SA was caught napping in acquiring the Covid-19 vaccine, health experts say.
Image: 123RF/David Izquierdo Roger

SA's plan to acquire an initial supply of Covid-19 vaccine by February is improbable and not feasible, say health experts.

Health minister Zweli Mkhize outlined the country's vaccine rollout plans on Sunday evening and said there was a push to get vaccines by February.

Mkhize said the acquisition of these early vaccines would depend on the success of bilateral negotiations between the government and various companies.

Prof Alex van den Heever, from the Wits School of Governance, said the plan announced by Mkhize to obtain a vaccine by February was not feasible.

“It is very improbable given that they have not done the underlying work to get to that point. For us to have the vaccine available in February would require that we get some commitments in terms of bilateral arrangements with manufacturers.

“I do not believe those have reached any stage of maturity at this point. It is entirely speculation that we will get access to a vaccine in February,” Van den Heever told eNCA.

He said SA only started looking at acquiring the vaccine from last month, instead of preparing from the middle of last year.

Virologist Prof Shabir Madhi said there was little to show that a vaccine was going to be available in February or March.

“The earliest it is going to be is some time in the second quarter of this year in any meaningful quantity.

“When we are talking of vaccine availability, we are not talking of a few token 1,000 or 2,000 doses becoming available to immunise a handful of people,” Madhi told the Clement Manyathela Show on radio 702.
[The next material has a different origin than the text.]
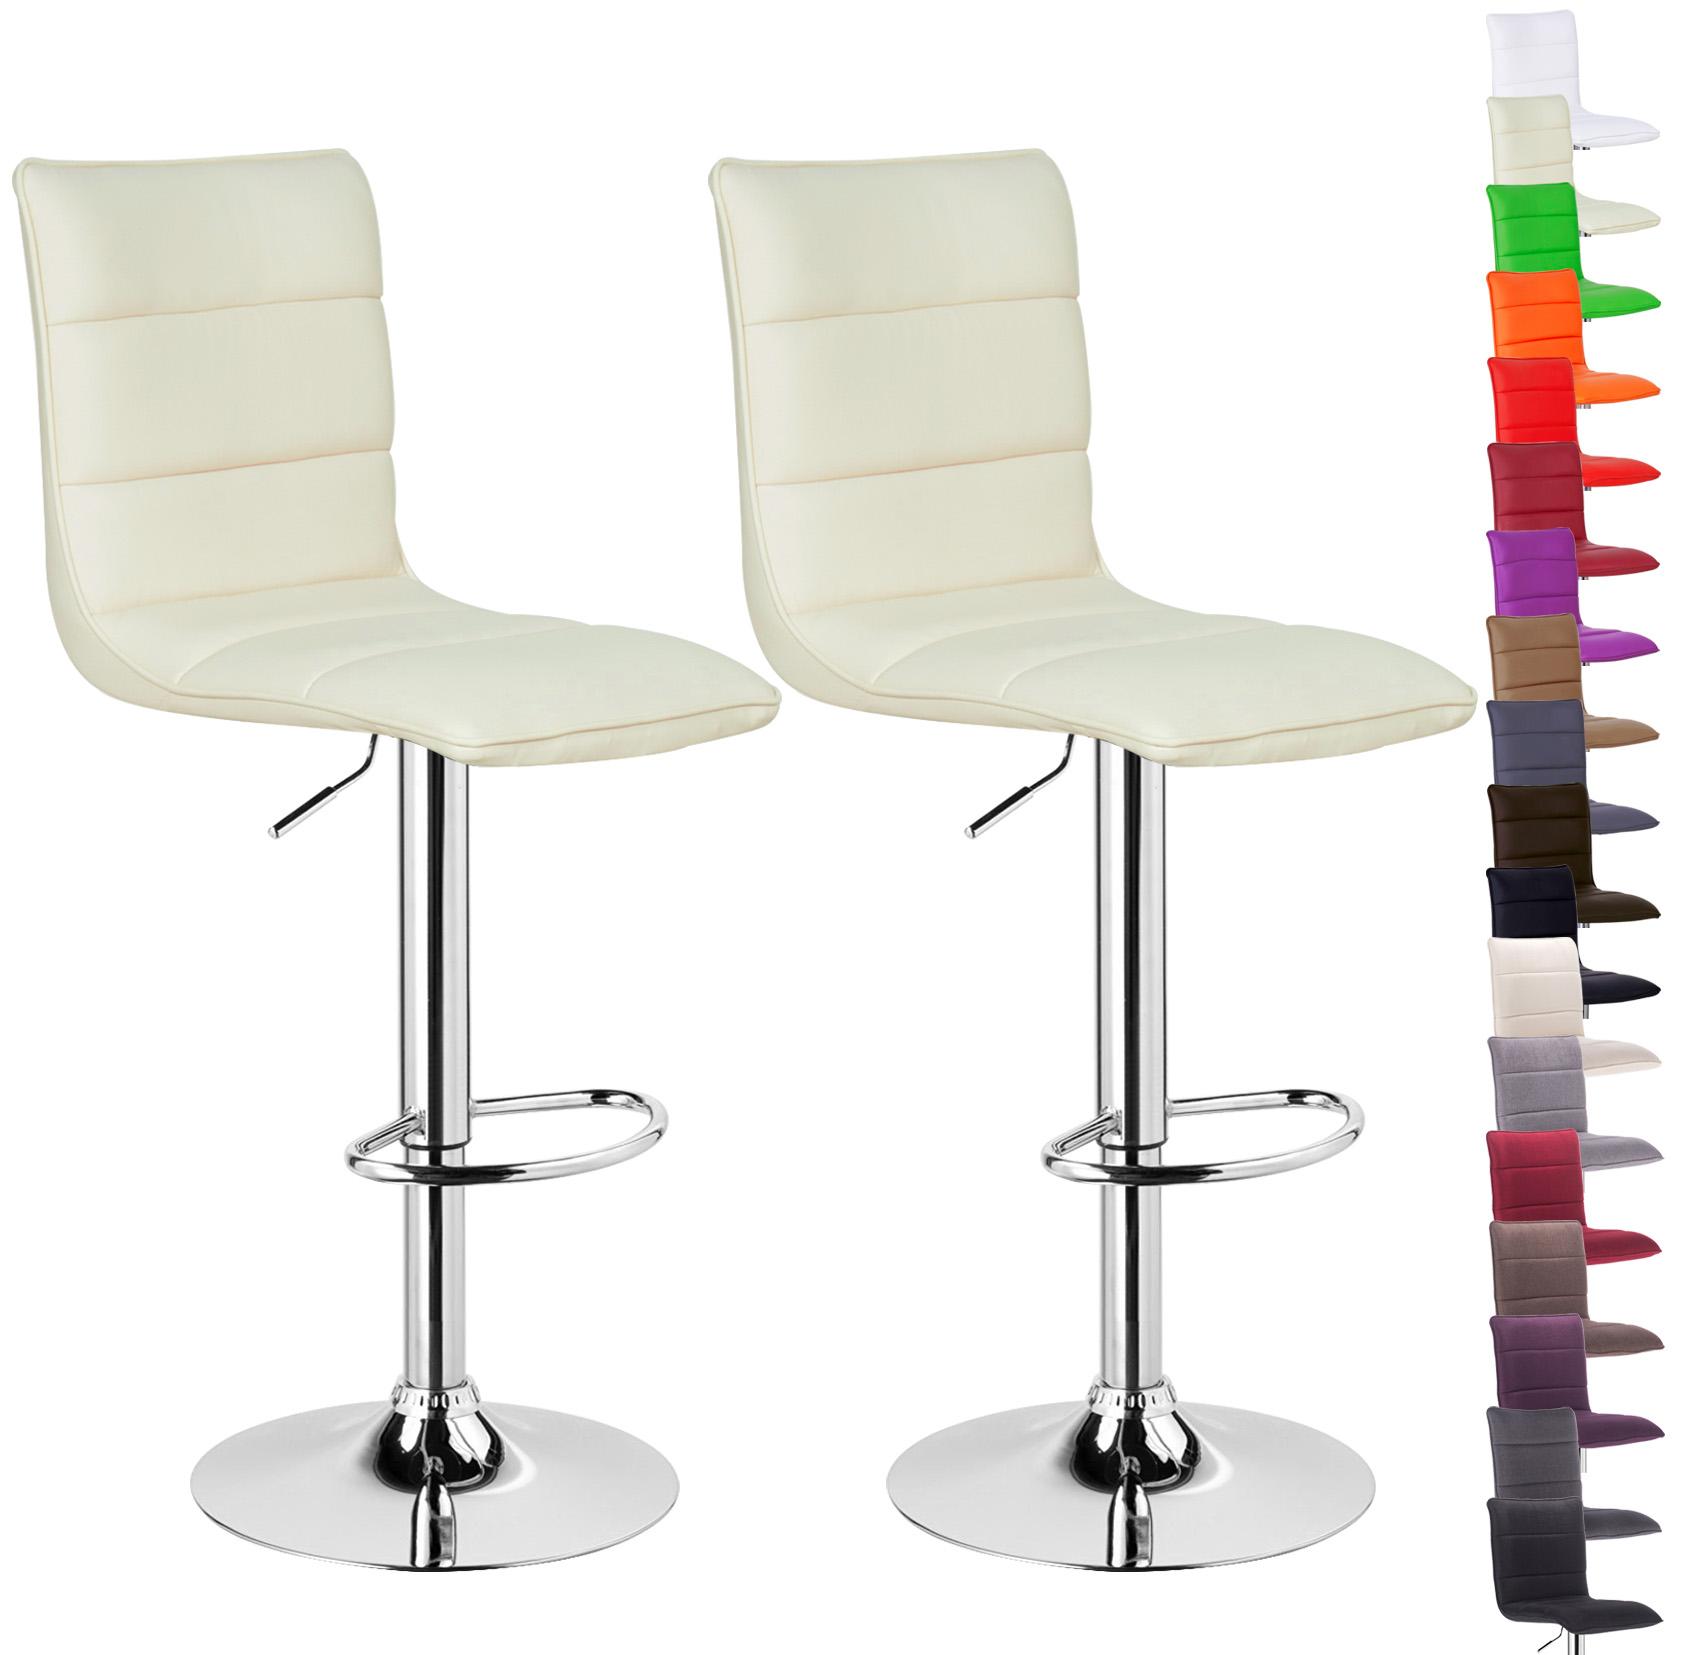 Fabelhaft Stuhl Gepolstert Sammlung Von Barhocker-barstuhl-2x-tresen-hocker-kunstleder-stuhl-gepolstert-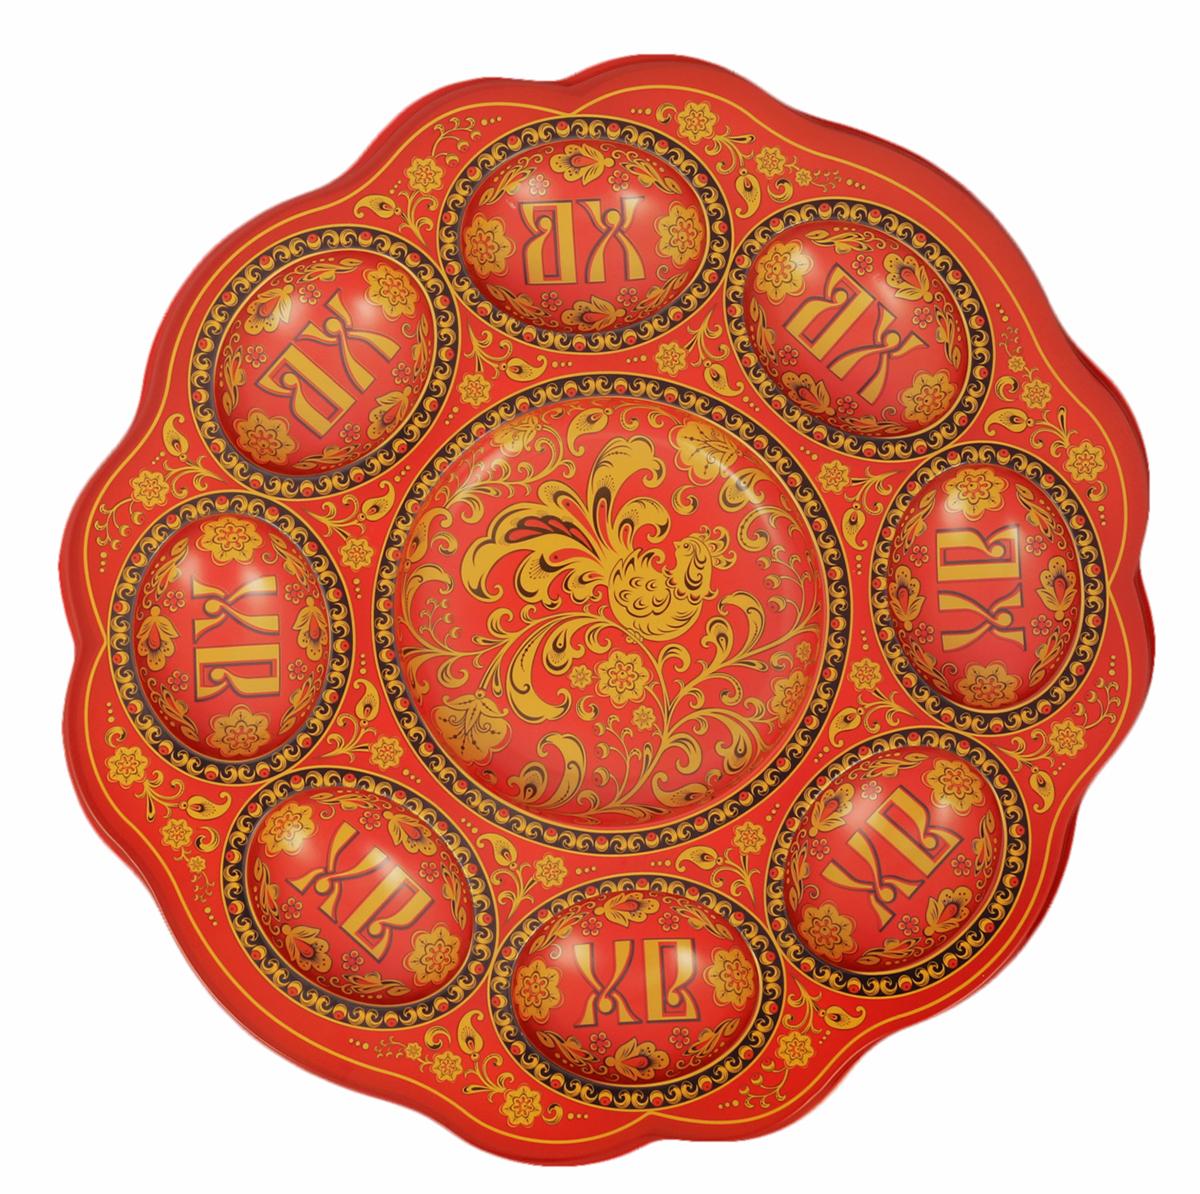 Подставка для яйца Хохлома, цвет: красный, на 8 яиц и кулич, 24 х 25 см. 1653885 подставка для яйца городетская на 8 яиц и кулич 24 х 25 см 1653890

He said for 650,000 health workers alone the country needed 1.2 million doses of vaccine and this would not be available in February. The current vaccine requires two jabs of medication for it to be effective.

“We were caught napping when the rest of the middle-income countries were engaging in bilaterals. Health-care workers are experiencing another resurgence. They are going to remain unprotected against Covid-19, other than PPE, because they are not going to be vaccinated during the second wave of the epidemic.”

While the government said there were advanced bilateral negotiations with other countries to procure vaccines, Madhi was sceptical.

“The reality is that companies have not been stockpiling vaccine and waiting for SA to put in a purchase order. Companies have already sold the vaccine that they have already manufactured and any vaccine that is going to be manufactured over the next few months had already been spoken for, with bilaterals that were basically entered into months ago - not two weeks ago.”

He said there was no company with stock waiting for SA to make a move.

“There is a huge global demand. There is a huge global shortage and there is limited ability of companies to scale up manufacturing.”

However, health department deputy director-general Dr Anban Pillay said SA had been in discussions with a number of companies to acquire vaccine since September.

“The issue is that when we were presented with options from different companies, we had a number of uncertainties. The most important is that there was no firm delivery date. We did not know when the vaccine would be approved and when we would get the vaccine,” he said.